= What the exercise asks =
Give back exactly the lines of the material below that start at the line containing "PANTONE 1655 C - Triadic Color Palette" and end at the line containing "多款生日素材 多款蛋糕 生日素材", and no others.

= Records supplied =
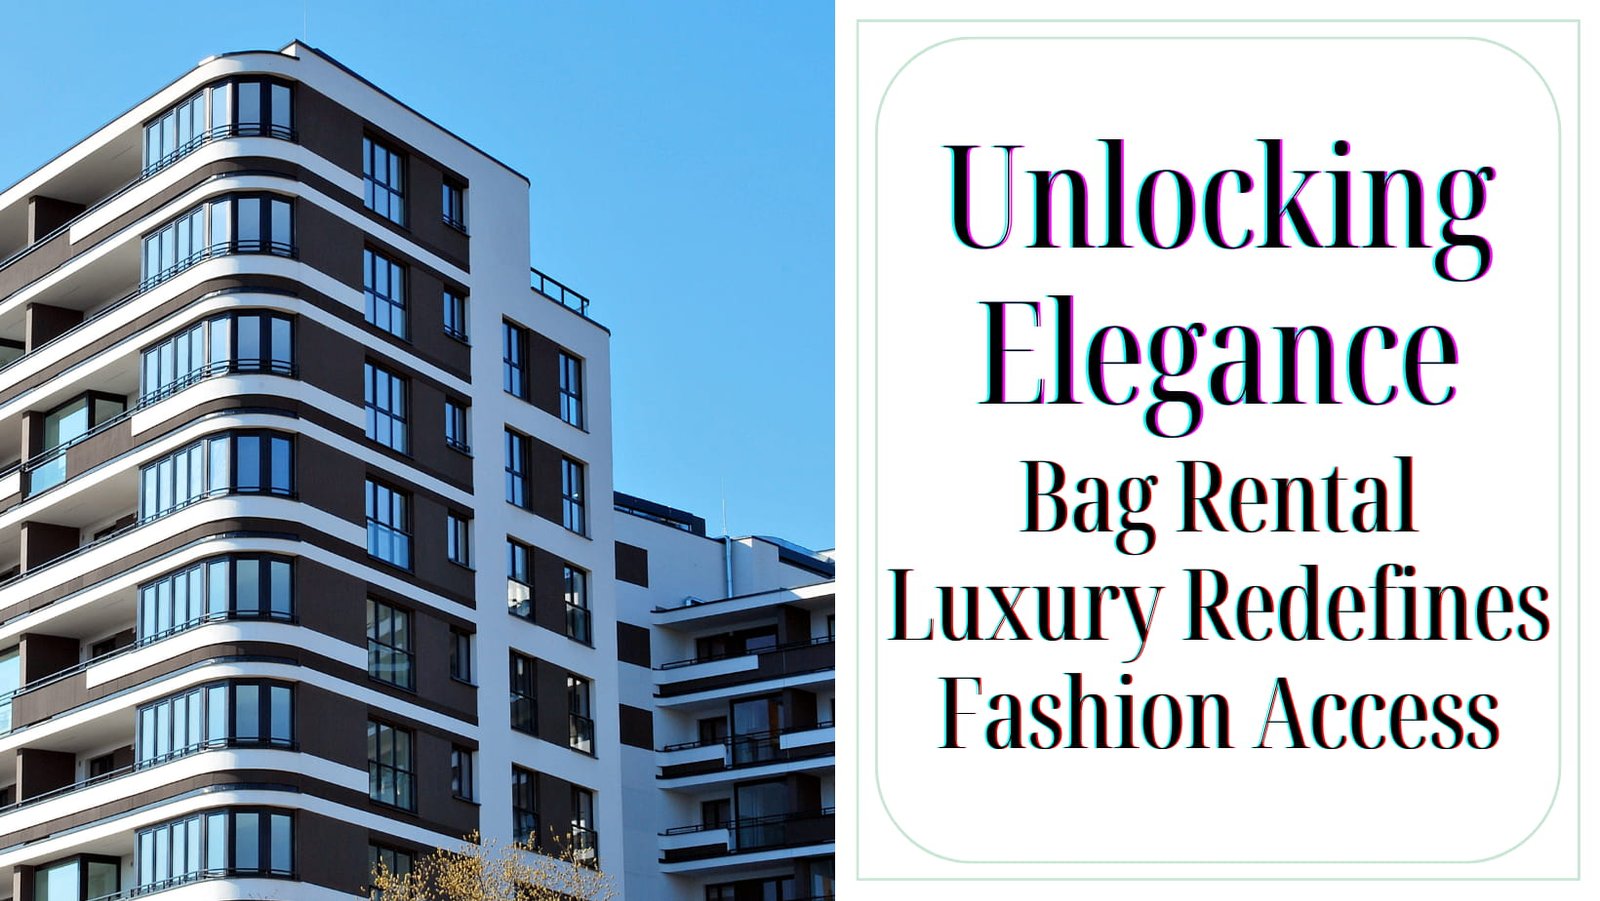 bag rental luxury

* * *

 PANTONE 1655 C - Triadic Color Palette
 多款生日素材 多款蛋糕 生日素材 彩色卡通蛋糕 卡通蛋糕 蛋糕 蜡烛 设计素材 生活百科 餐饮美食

...

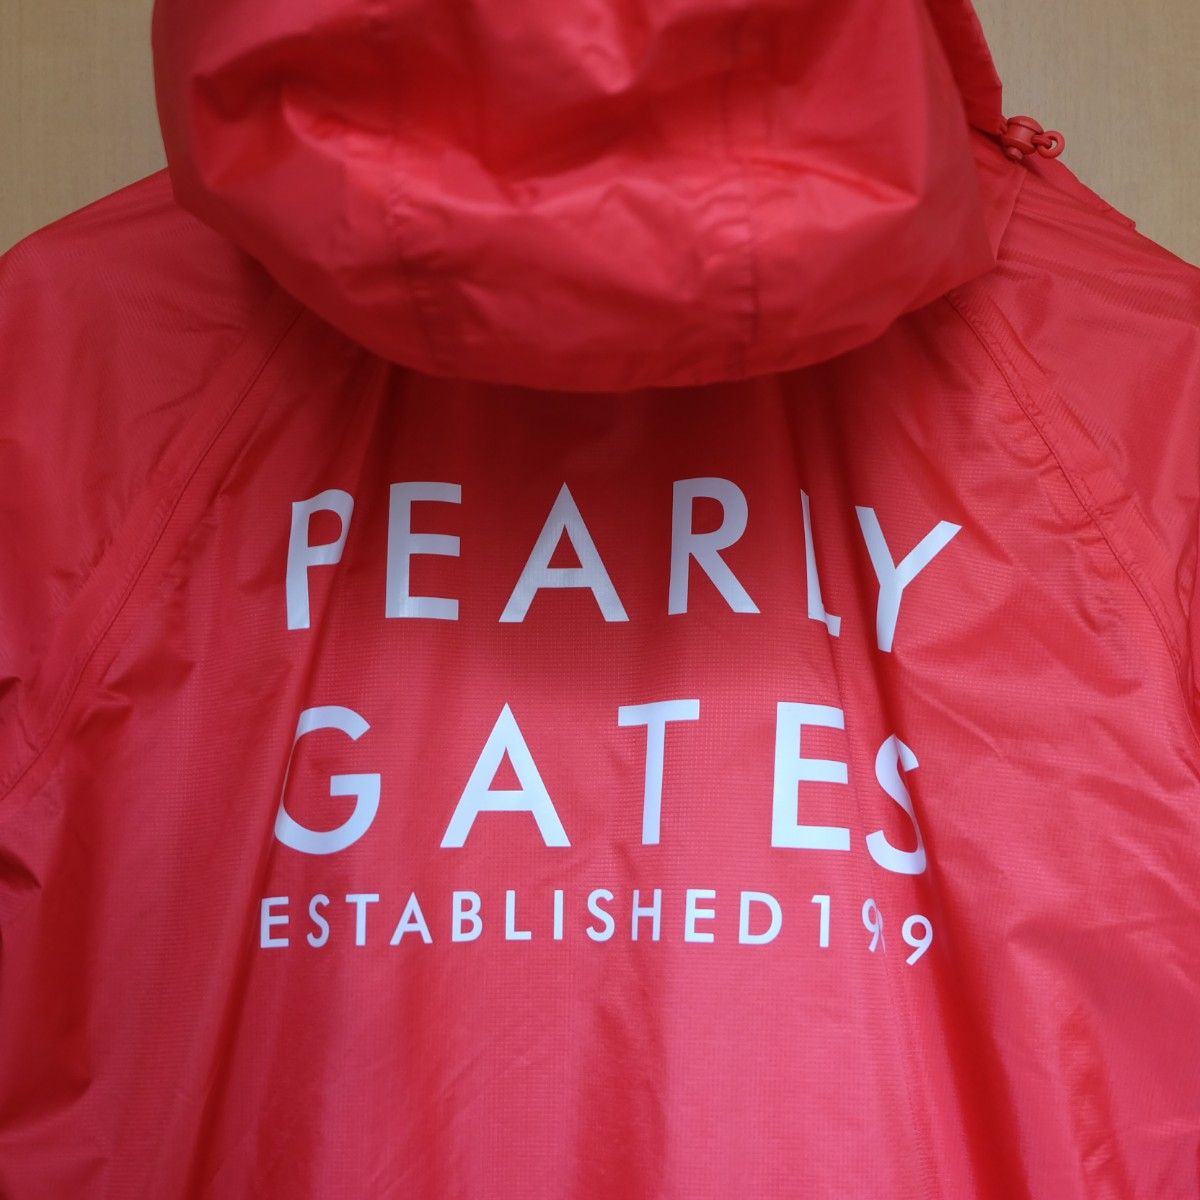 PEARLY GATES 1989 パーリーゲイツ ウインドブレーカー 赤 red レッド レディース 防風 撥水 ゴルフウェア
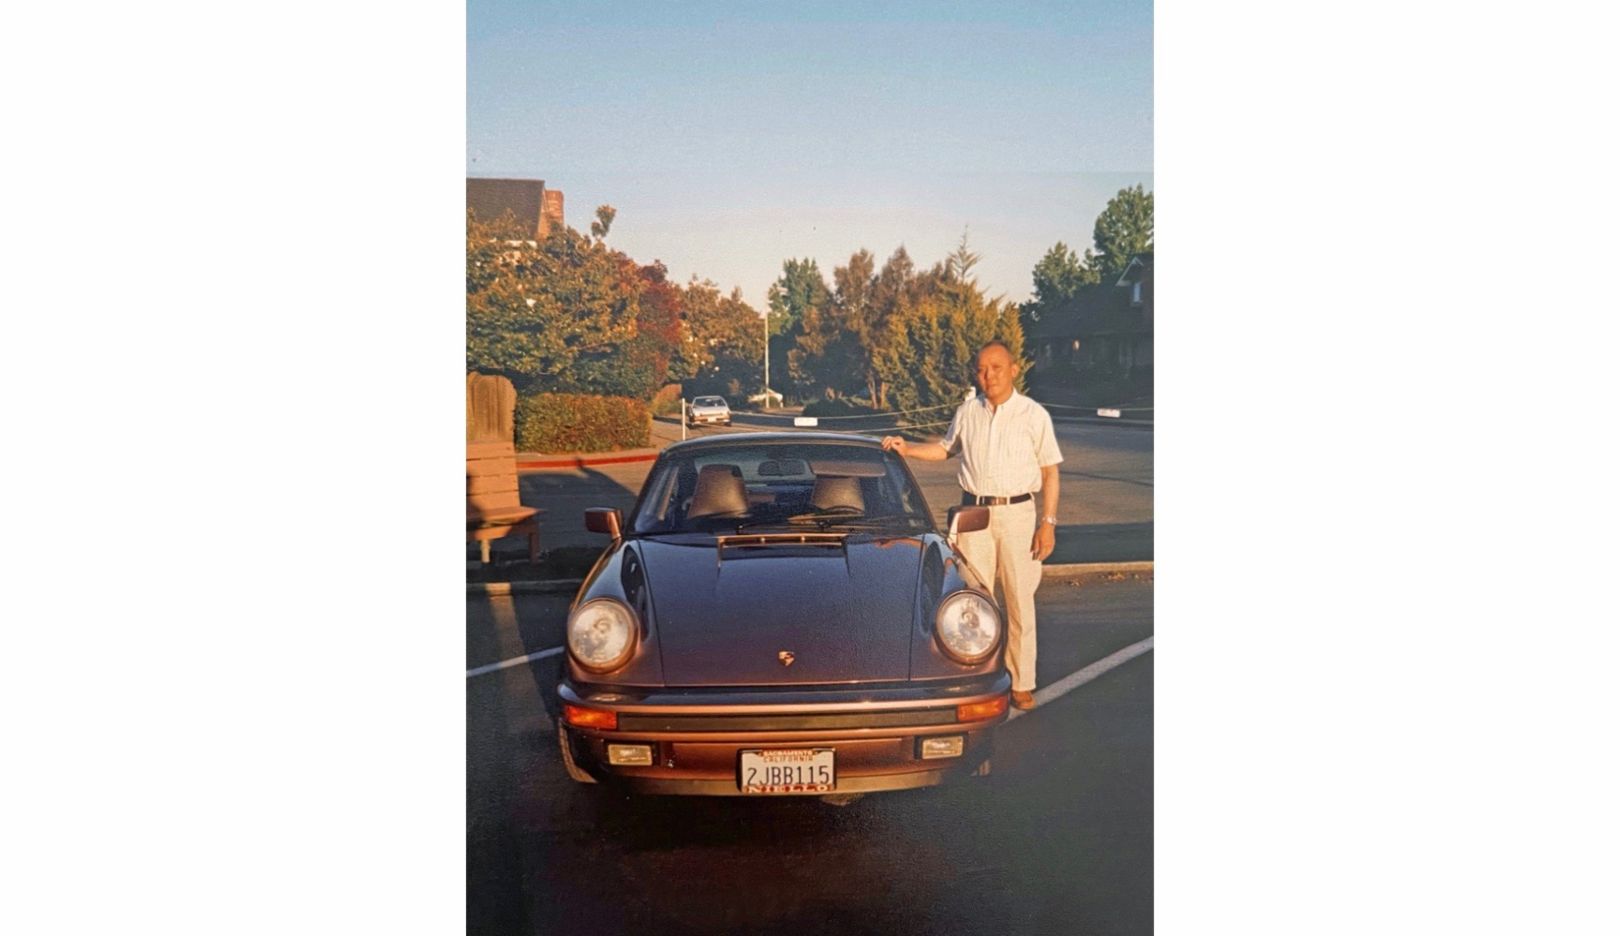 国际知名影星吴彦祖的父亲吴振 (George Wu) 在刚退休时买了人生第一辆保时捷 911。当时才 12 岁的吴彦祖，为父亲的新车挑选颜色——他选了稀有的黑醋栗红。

= Solution =
 PANTONE 1655 C - Triadic Color Palette
 多款生日素材 多款蛋糕 生日素材 彩色卡通蛋糕 卡通蛋糕 蛋糕 蜡烛 设计素材 生活百科 餐饮美食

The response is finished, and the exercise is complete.